A consumer advocacy has published an analysis of the complaints filed by consumers with the Consumer Financial Protection Bureau during the coronavirus pandemic and there are some interesting data points related to the accounts receivable management industry.
For example, among the complaints that have been filed and mention coronavirus, debt collection is the fourth-most mentioned product, barely ahead of checking or savings accounts and trailing mortgages, credit or prepaid cards, and credit reporting or credit repair services. The volume of coronavirus-related mortgage complaints is about four times higher than coronavirus-related collection complaints, according to the data released by U.S. Public Interest Research Group.

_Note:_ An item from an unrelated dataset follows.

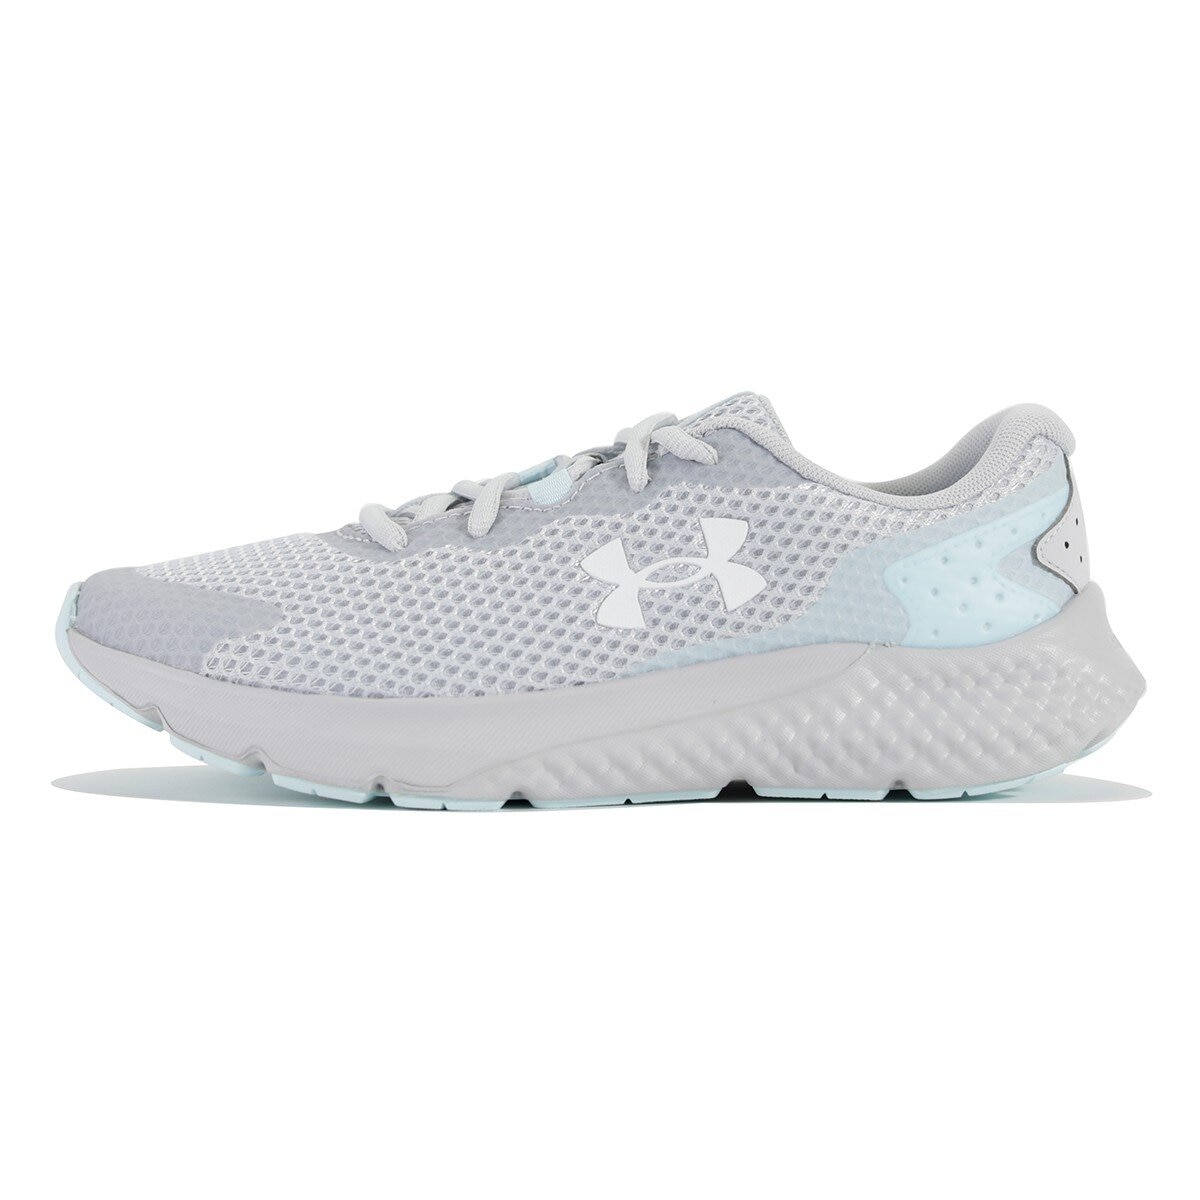 Under Armour 女 Charged Rogue 3 慢跑鞋 灰

Overall, the number of complaints filed in March and April with the CFPB were the two highest months since the Bureau began accepting complaints in 2011. One theory is that with more consumers stuck at home sheltering in place, they have taken more of an interest in getting their financial affairs in order.
In looking specifically at collection complaints, the group’s analysis reveals that the majority of complaints are for attempts to collect a debt not owed, which account for about 70% of all collection-related complaints. The next most popular issue is written notification about a debt.
The analysis comes as the House of Representatives is set to vote on the latest stimulus package today, The Health and Economic Recovery Omnibus Emergency Solutions (Heroes) Act, which would allow individuals to automatically enter forbearance plans on any debt.
“We support the bans on both debt collection and negative credit reporting during the emergency that are in the Heroes Act,” said Mike Litt, U.S. PIRG Consumer Campaign director, in a statement. “A review of consumer complaints shows that without Congressional action, financial companies won’t treat consumers whose finances have been harmed by the pandemic fairly.”